TRAFFICKING IN WHITE
Every year there are thousands of Romanian women victims of international trafficking in persons. Thousands - according to various statistics even tens of thousands, most of them with the deception of a job - end up in networks of criminal organizations, which force them into prostitution in Western Europe.
These women leave Romania to escape poverty and misery, but they quickly become "bargaining chip" in the hands of traffickers, who buy and sell them dozens of times. In Romania the price of a woman varies between 300 and 400 dollars, but in the country of destination can reach 5-10,000 dollars.
According to the IOM (International Organization for Migration) major destinations in 2006-2007, according to the statistics of returns were Macedonia (29%), Bosnia and Herzegovina (23%), Albania (11%), the Kosovo (11%), Italy (9%), Serbia and Montenegro (6%), 11% in other countries. They arrive battered, malnourished, abused and reduced to a state of slavery, paying dearly for their ignorance and naivety or simply their decision to make money at any cost.
But the statistics speak for a vast majority of Romanian women who end up in prostitution abroad because they are victims of international traffic, deceived by the mirage of a job as a waitress, nanny, maid or nanny.
In the period 2004-2005 the International Organization for Migration has assisted 781 women Romanian victims of trafficking in persons. In 2005, 24.84% of them were minors and 75.16% older. Three years later, the statistics indicate the 14,10% and 85,90% of minors of age, with a mean age of 21.23 years and with low level of education. In any case, poverty is the main cause that pushes them to leave Romania. In fact, their origin is mainly from the most deprived areas of the country, with Moldova in top of the list (35%). But there are also women of Transylvania (21%) of Muntenia and Bucharest (5%).
Once repatriated, women who are victims of trafficking in persons pass from Bucharest branch of IOM, which relies on NGOs specializing in the integration programs. For six months they receive medical care, psychological counseling, social and legal or may be eligible for qualification courses to learn a trade. Many of them, however, do not follow these programs, in most cases due to the intervention of their families. They are afraid of the authorities and especially the police, which hardly work together to declare what is their success.

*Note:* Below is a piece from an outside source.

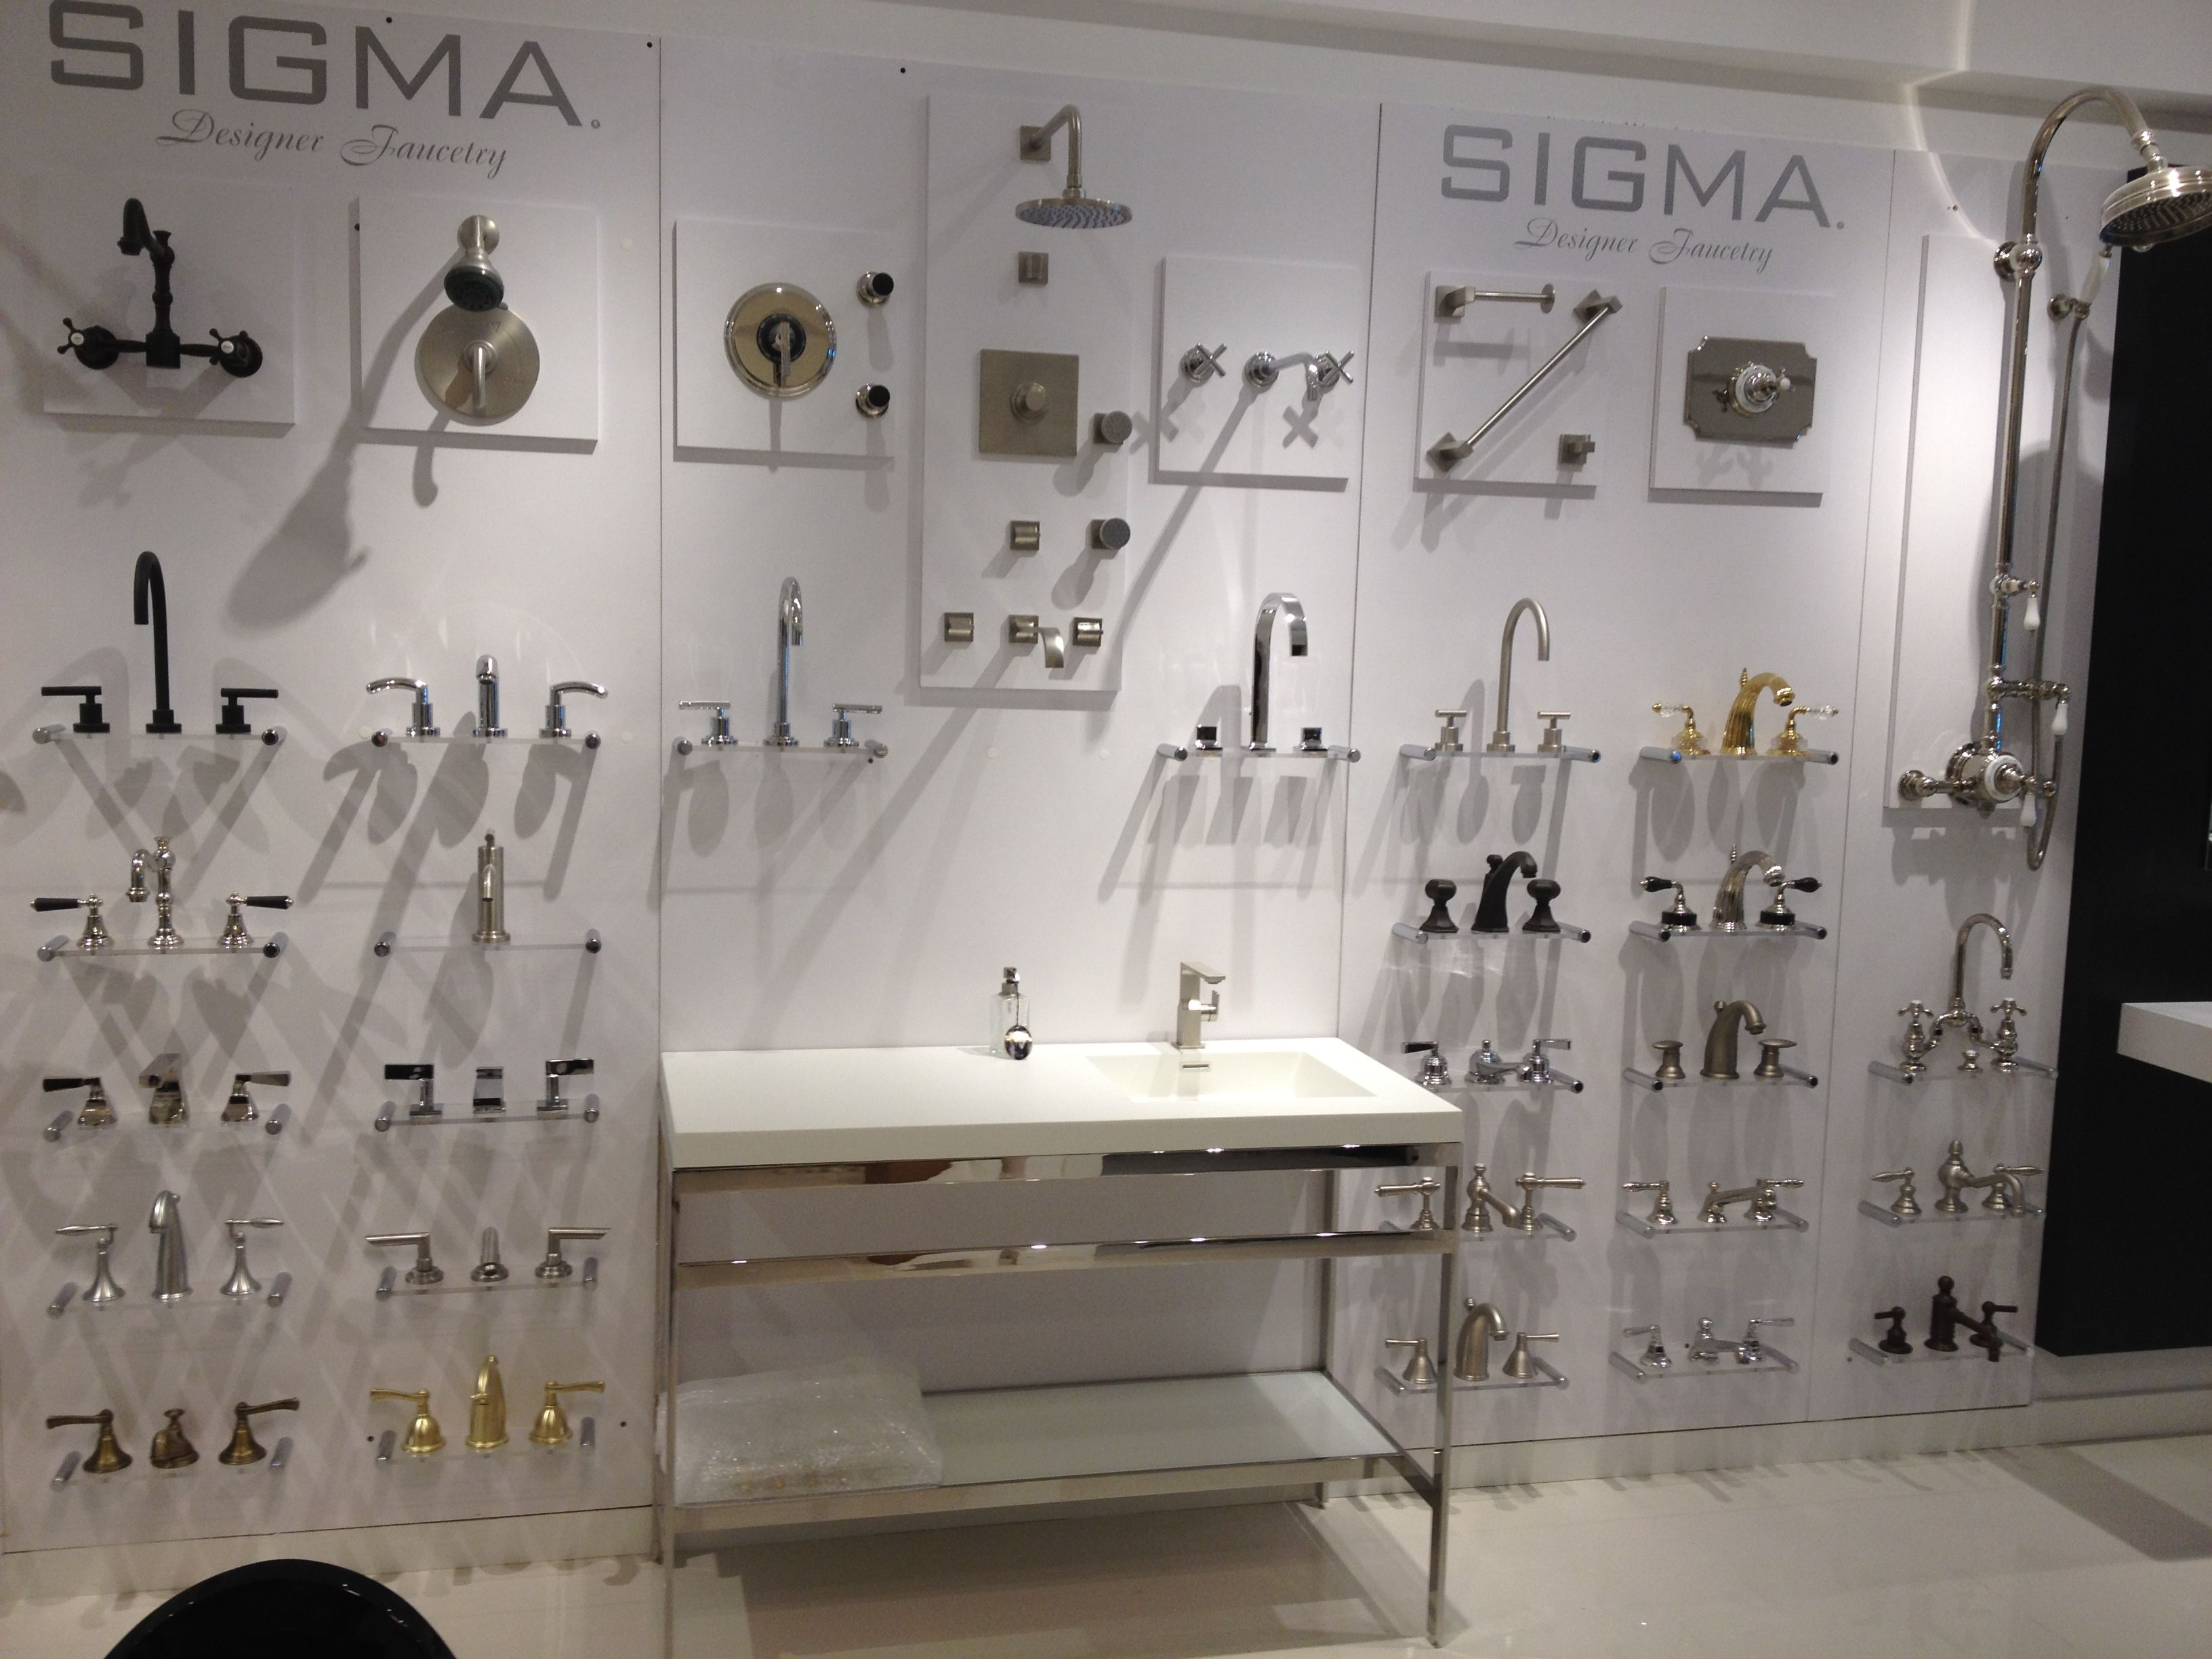 Sigma Display Wetstyle Vanity At Our New Showroom In The Miami Design District 3612 Ne 2nd Avenue Tasarim Dekorasyon
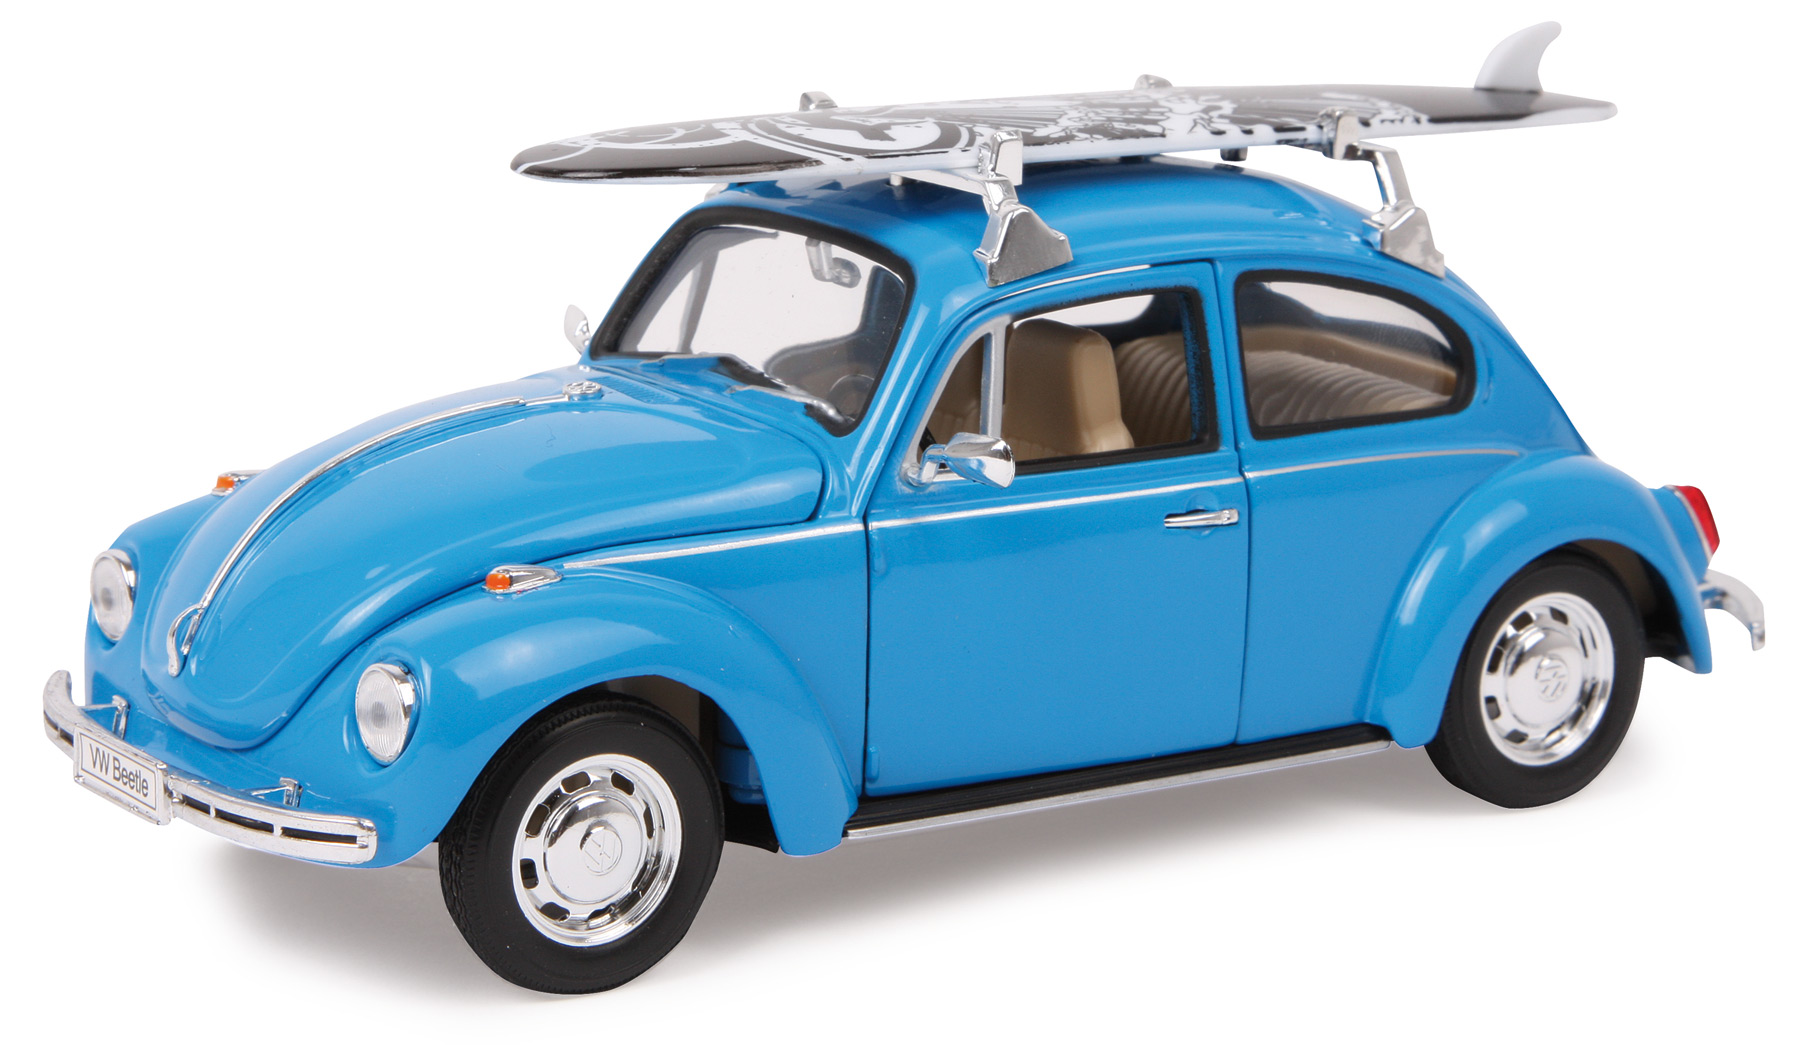 Automodello VW Beetle + tavola da surf

The specialists see this behavior in one of the psycho-sociological consequences in case the victim has suffered serious abuses in countries where a prostitute, even by police accomplices of traffickers. Many do not want to go back in the families of origin, to the shame or hatred towards relatives or friends who have sold.
The Romanian authorities have at their disposal the law 678/2001 which establishes measures for the prevention and combating trafficking in persons. The law provides a penalty of imprisonment from 3 to 20
years for those found guilty of trafficking in persons. But the real problem is the inaction of the criminals or the protection they receive from organizations to which they belong, a kind of mafia gangs that protect their work in several ways: by providing them with false documents, false identities.
Romania has stepped up international cooperation in the field of organized crime, among other things, to meet the needs of the EU that it expects a safer country. More effort should come from the various ministries, such as the Work, which shall inform persons who wish to go abroad to work, the Ministries of Interior, Foreign Affairs
or Education. To do their part should also be regional NGOs, the protection of rights and the preservation of the role of women in Romanian society, charities, supported by concrete material existence of women and their children, facilities instead in this country are almost completely absent.